Taxes make jet fuel in India 60-70 percent more costly than the global average, but fares are cheap as loss-making state-run Air India sells tickets below cost, prompting others to respond.
Cellphone calls cost about 1 U.S. cent per minute, the lowest just about anywhere, but carriers pay 19-28 percent of their revenue to the government, according to a PwC report, a bigger share than in neighbouring countries or in Europe.
Millions of farmers receive cheap or free power, a populist measure that discourages investment in new plants for fear that debt-strapped state electricity boards cannot pay for them.
Still, India wants to build $1 trillion worth of infrastructure in the five years to 2017, with the private sector expected to pay for half of that. The wish-list includes 600 million broadband connections by 2020.

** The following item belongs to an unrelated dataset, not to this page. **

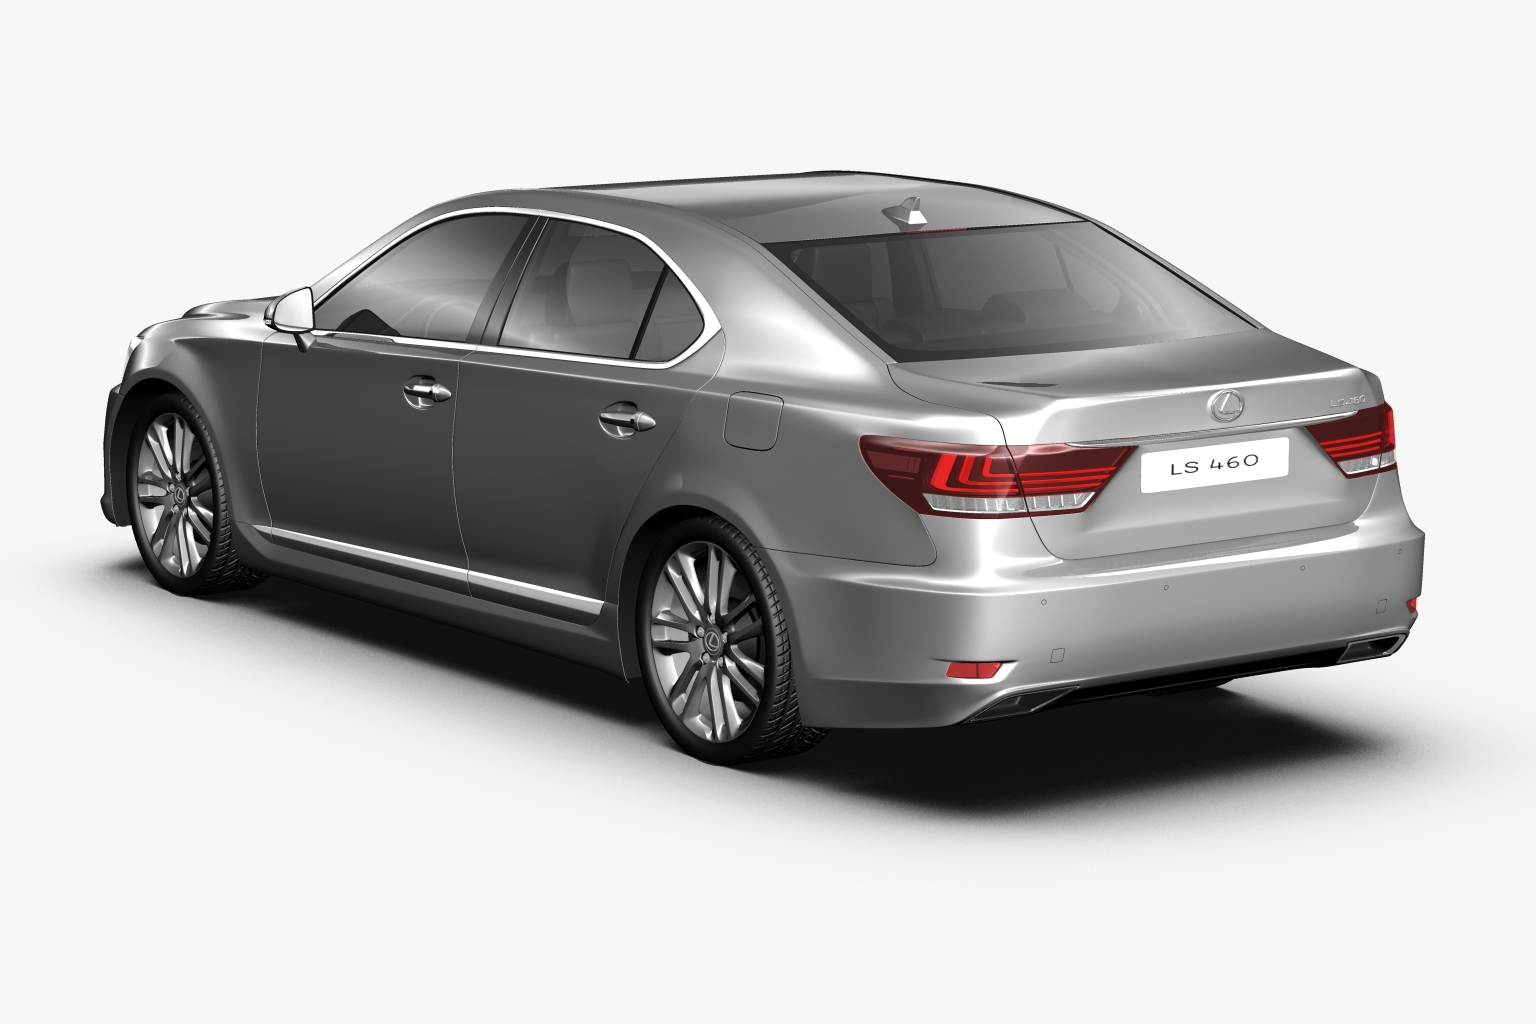 lexus review honest car john carbycar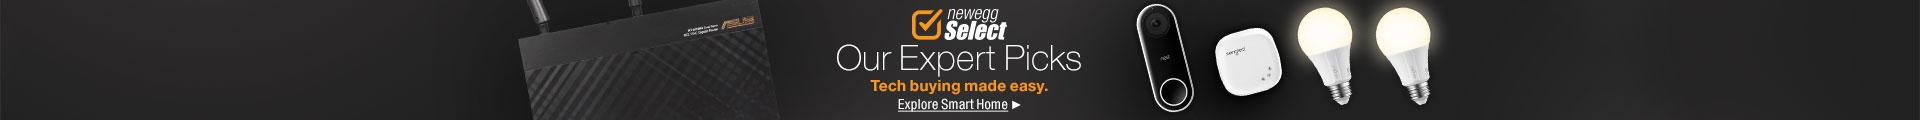 newegg select Our Expert Picks

Who is going to build those 600 million broadband connections? asked Marten Pieters, who heads the local unit of Vodafone, India's biggest foreign corporate investor.
Vodafone, the country's No.2 cellphone player by revenue, last year booked a 2.3 billion pound impairment charge on its India operation and has been an outspoken critic of regulatory policy in the country.
I'm not saying, 'government come and help me.' I'm just saying, 'government, realise that in this situation you cannot expect the companies to keep investing forever if there is no return for the investors', he told Reuters last month.
WAKE UP CALL?
While the government of Manmohan Singh recognizes a need for reforms, it has been unable to implement them because it is sidetracked by corruption scandals and a fractious coalition.
As policymaking stalls, the economic outlook deteriorates. Some analysts now expect sub-7 percent growth in the fiscal year starting in April, far below India's ambitions for China-like double-digits. Inflation remains near 10 percent and the plunge in the rupee adds to a sense of alarm.
Kingfisher is expected to have a tough time finding investors, while smaller cellular carriers are said by industry insiders to have slowed or stopped investing. Without reforms, about 560 billion rupees in loans to the power sector are at risk, ratings agency CRISIL said in October.
In one recent hopeful sign, India unexpectedly increased by $10 billion foreign investment limits on local bonds.
India's aviation minister has asked states to cut the sales tax on jet fuel, although they have not yet done so. The government may also lift a ban on foreign airlines investing in Indian carriers, which could provide a lifeline to Kingfisher.
A pending telecoms policy could make it easier for operators to merge with each other or exit, reducing competition.
State electricity boards have begun to raise tariffs.
In some cases, the market is doing what regulators have not. After years of ferocious competition, cellular firms have begun to push up call rate and shares in carriers Bharti Airtel and Idea Cellular have raised this year as weaker players are unable to compete aggressively.
There is enough awareness in the country that unless we improve the health of the state electricity boards, the entire progress, economic progress will come to a halt, Akhil Gupta, India head of U.S. private equity giant Blackstone Group, told the recent Reuters India Investment Summit.
Blackstone has invested nearly $780 million in five Indian power companies in the last two years. Gradually people are saying, look: you can't have your cake and eat it too, he said.